Shaw Nature Reserve, an extension of the Missouri Botanical Garden, includes 2,500 acres of natural Ozark landscape and managed plant collections. Come see restored and constructed natural habitats, 13 miles of hiking trails, wildflower garden, tall-grass prairie, wetland, forest, glade and Meramec River.
The Nature Reserve features a variety of settings in which visitors may enjoy the out-of-doors. The Pinetum is a 55-acre park-like expanse of meadows studded with plantings of conifers from around the world. In spring it comes alive with thousands of Narcissus and flowering trees. The Whitmire Wildflower Garden is a five-acre concentration of natural beauty in the form of Missouri and eastern U.S. native wildflowers in naturalistic plantings, accented by native grasses, shrubs and trees.

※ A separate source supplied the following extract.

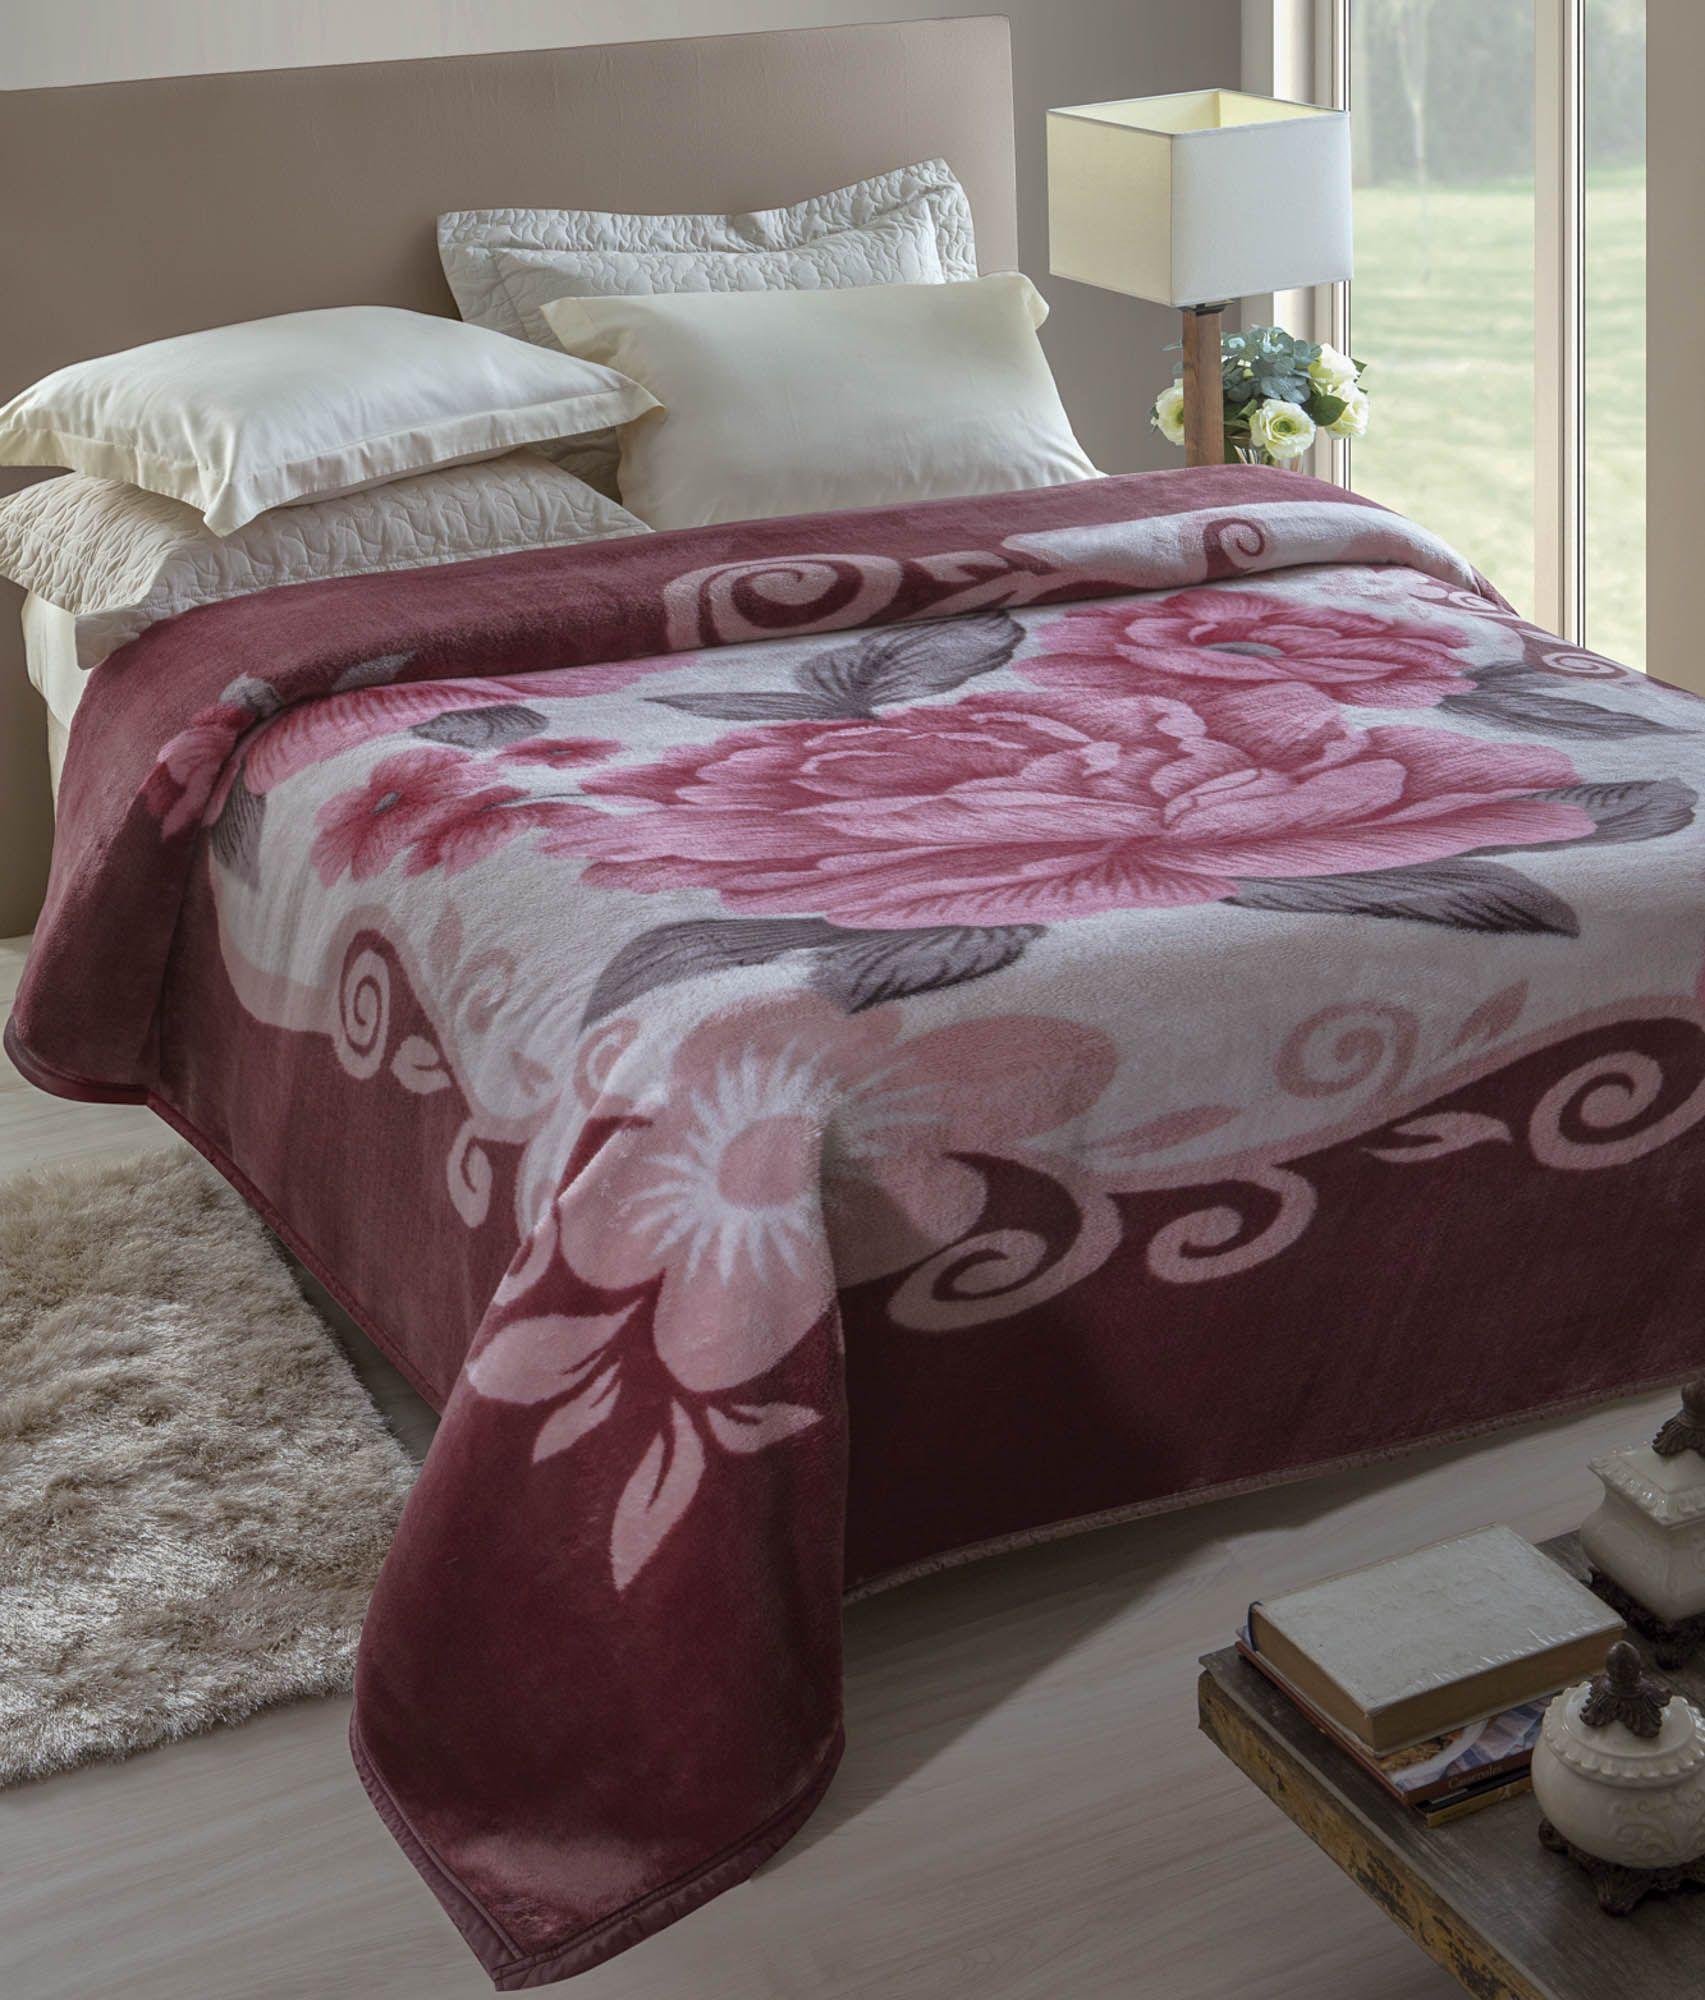 Cobertor Microfibra Jolitex Araneda Kyor Plus King 2,20 m x 2,40 m 100% Poliester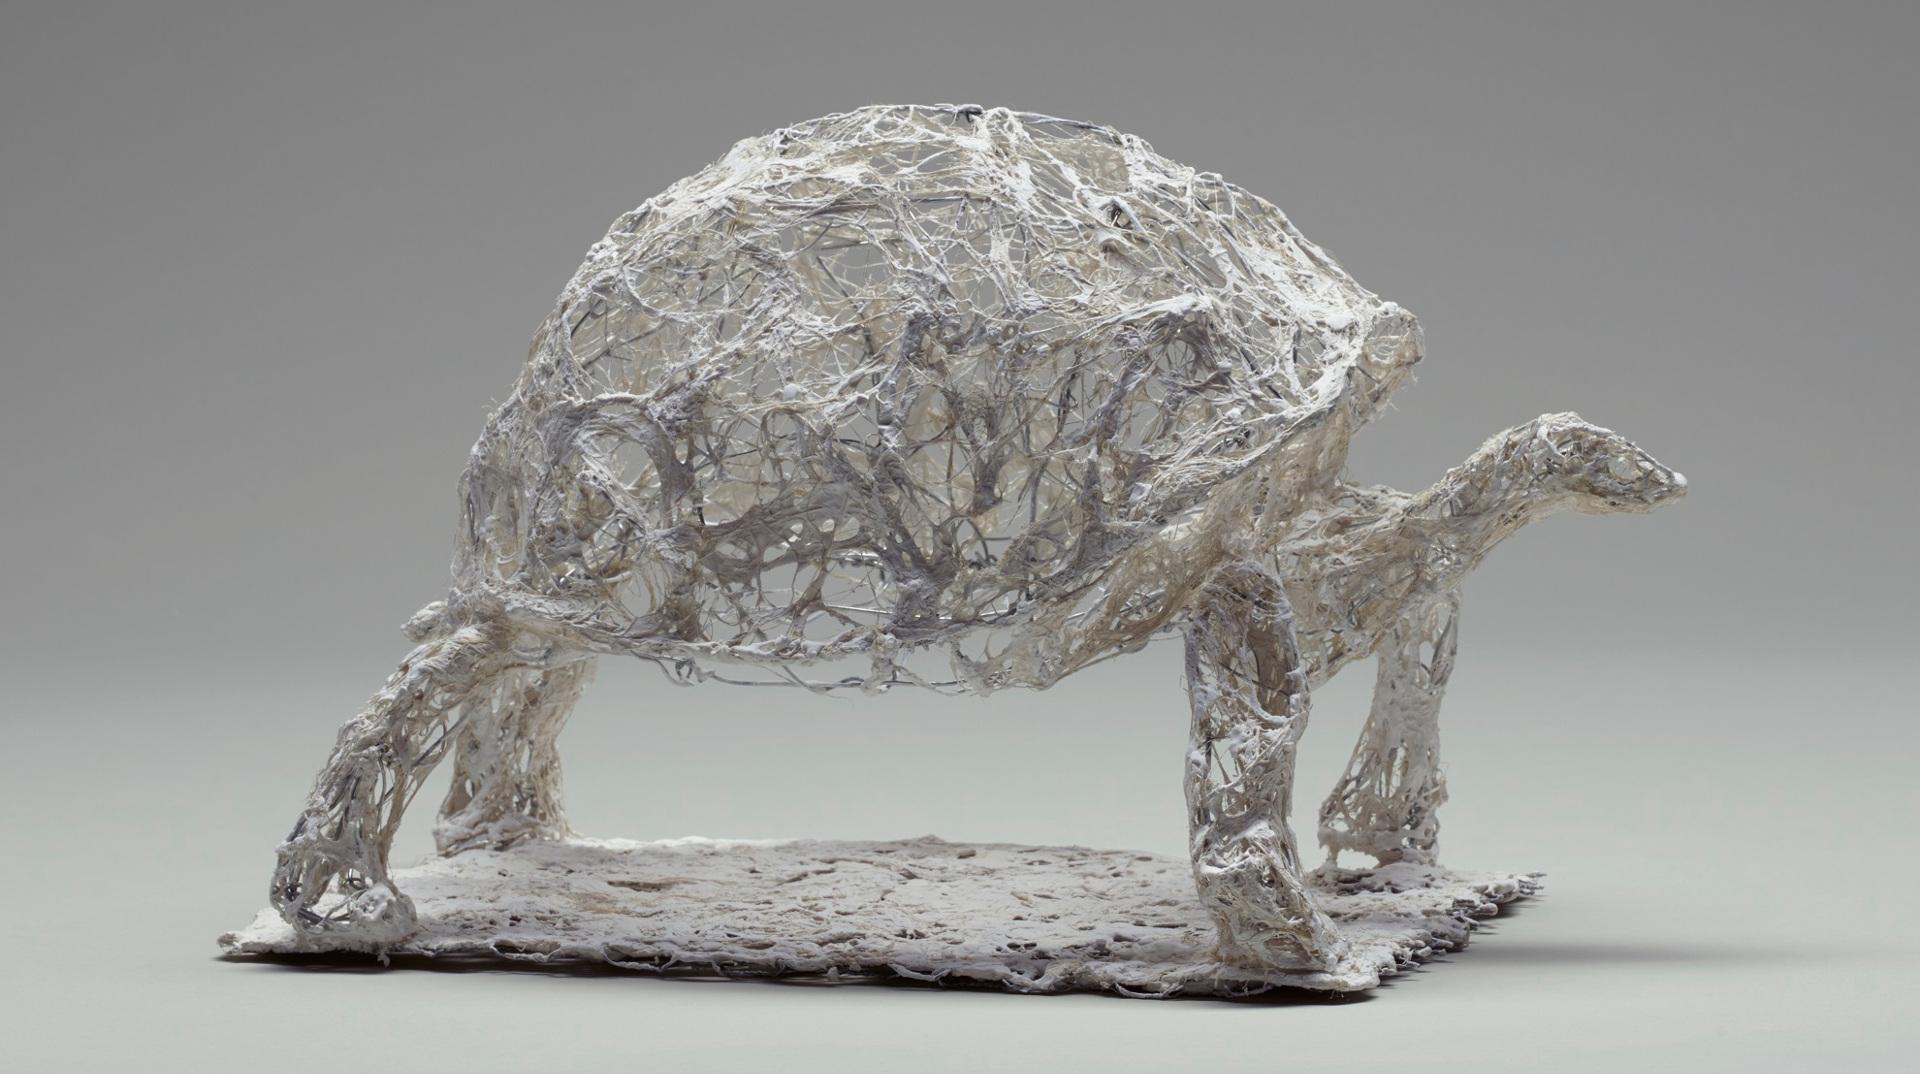 Tortue, 31x20x23cm, fil de fer, plâtre, filasse, 2015. Nathalie Garidou

The Shaw Nature Reserve Ecological Reserve contains 13 miles of hiking trails through a full array of Ozark Border landscapes, including floodplain forest, oak-hickory woods, glades, bluffs, tallgrass prairie, savanna and marsh wetlands. The latter three are landscapes which once covered much of Missouri and are being restored or recreated from former farmland in the Nature Reserve.
The Joseph H. Bascom House, an elegant brick mansion, built in 1879 contains a splendid array of exhibits made possible by a challenge grant from the Missouri Department of Conservation. The exhibit, entitled "People on the Land", illustrates the broad environmental and conservation themes so important to the Nature Reserve's mission.